Georgios Diamantopoulos was born in Athens,Greece in 1988. He holds a degree in applied mathematics from the University of Crete, Greece and a Master's degree in computational engineering from the Friedrich-Alexander University of Erlangen-Nuremberg, Germany. He joined the Institute for Microelectronics on January 2016 as a research assistant. He is researching high performance numerical approaches for Technology CAD within the scope of the Christian Doppler Laboratory for High Performance TCAD.

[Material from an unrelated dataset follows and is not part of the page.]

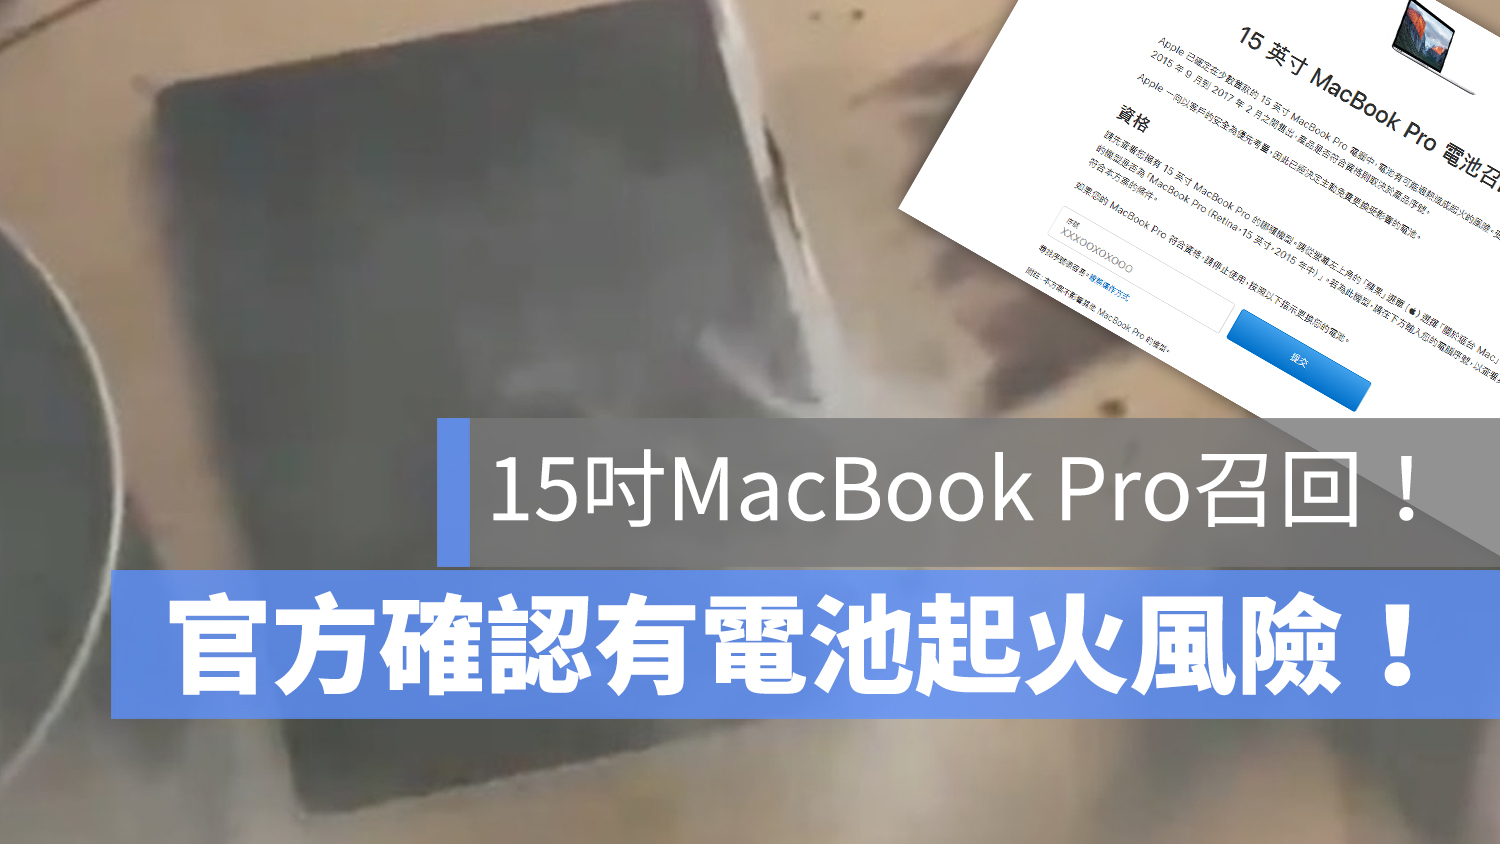 MacBook Pro 電池起火 召回
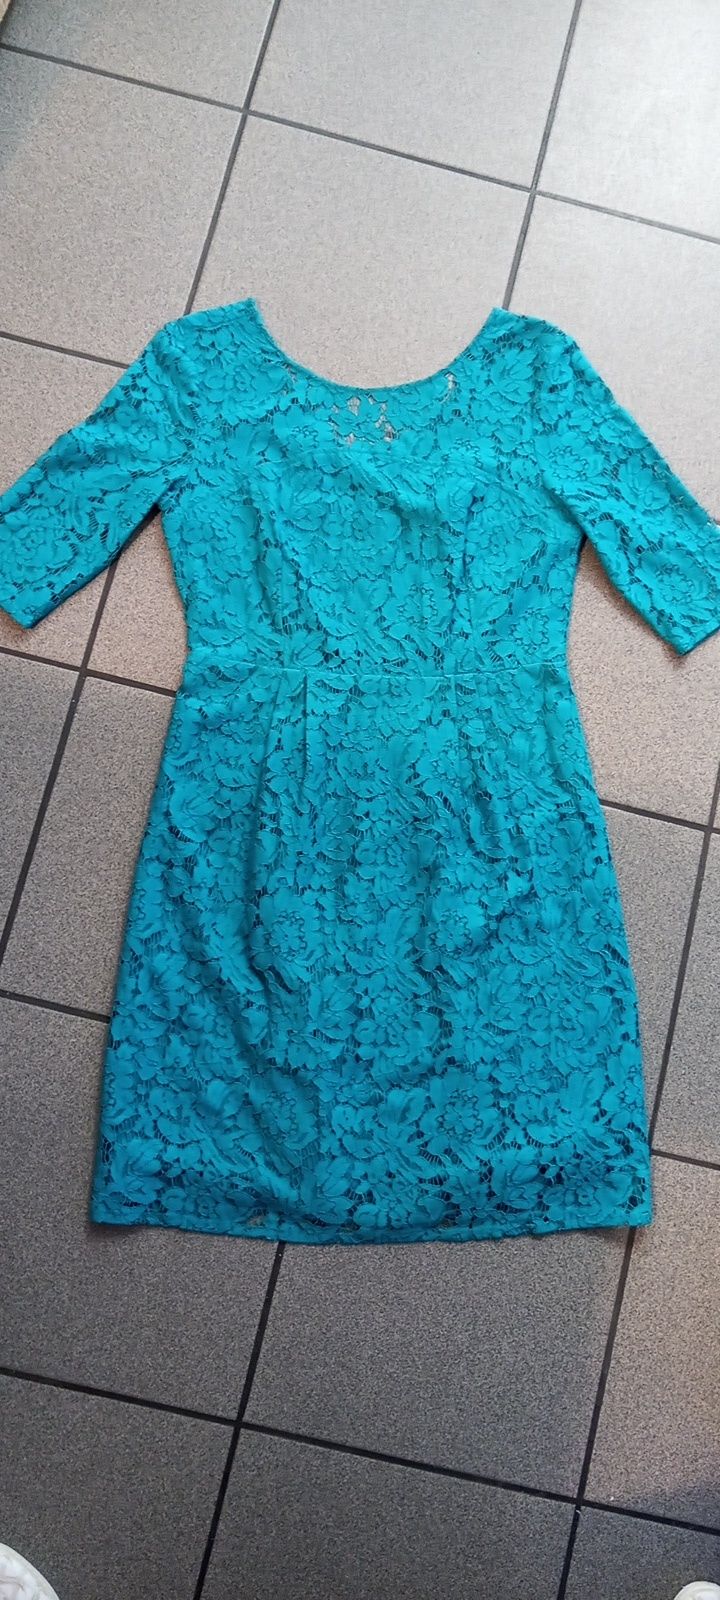 Koronkowa sukienka, rozmiar 36

A Shared-Memory Parallel Multi-Mesh Fast Marching Method for Re-Distancing Problems
The fast marching method (FMM) is a widely used method for the solution of the Eikonal equation. Among its potential applications is the restoration of the signed distance field property by calculating the distances between discrete grid points and an interface. Recently, a promising approach based on overlapping domain decomposition has been introduced, offering the attractive parallelization of an otherwise serial algorithm. We developed an extension of this work by introducing a multi-mesh FMM that processes an arbitrary number of meshes with the same resolution, potentially sharing interfaces, in parallel. Such a scenario arises, for instance, in adaptive mesh refinement approaches, where several meshes with a certain resolution are defined based on specific regions of interest. The approach uses OpenMP tasks to apply a serial FMM algorithm in parallel to individual meshes, supporting load-balancing and interface-sharing meshes via synchronized data exchange. The parallel performance is examined on a dual-socket Ivy Bridge-EP compute node.
Fig. 1 shows a test case where meshes are defined around the quad-holes structures on the interface. On the left side (a), 48 meshes of various sizes are defined with a resolution of 0.005, and on the right side (b), 303 meshes with a resolution of 0.00125. The parallel speed-up of the algorithm for this test case is visualized in Fig. 2. As can be seen in both cases, the performance for up to 8 threads is scalable - efficiency is around 88%. In the case of 48 meshes, the speed-up drops off beyond 8 threads. The reason for this performance drop is that there are 8 meshes for which the FMM requires a runtime at least 10 times higher than all other meshes, which causes a massive load imbalance. In the case of 303 meshes, performance is scalable - efficiency is around 75% or more - even for up to 16 threads.
Our approach offers good speed-up in cases where the number of meshes is significantly larger than the available compute cores, favoring the approach's inherent load-balancing capabilities.
Fig. 1: Quad-holes test case: (a) 48 meshes and (b) 303 meshes.
Fig. 2: Parallel speed-up for the quad-holes test case with 48 and 303 meshes (cf. Fig. 1).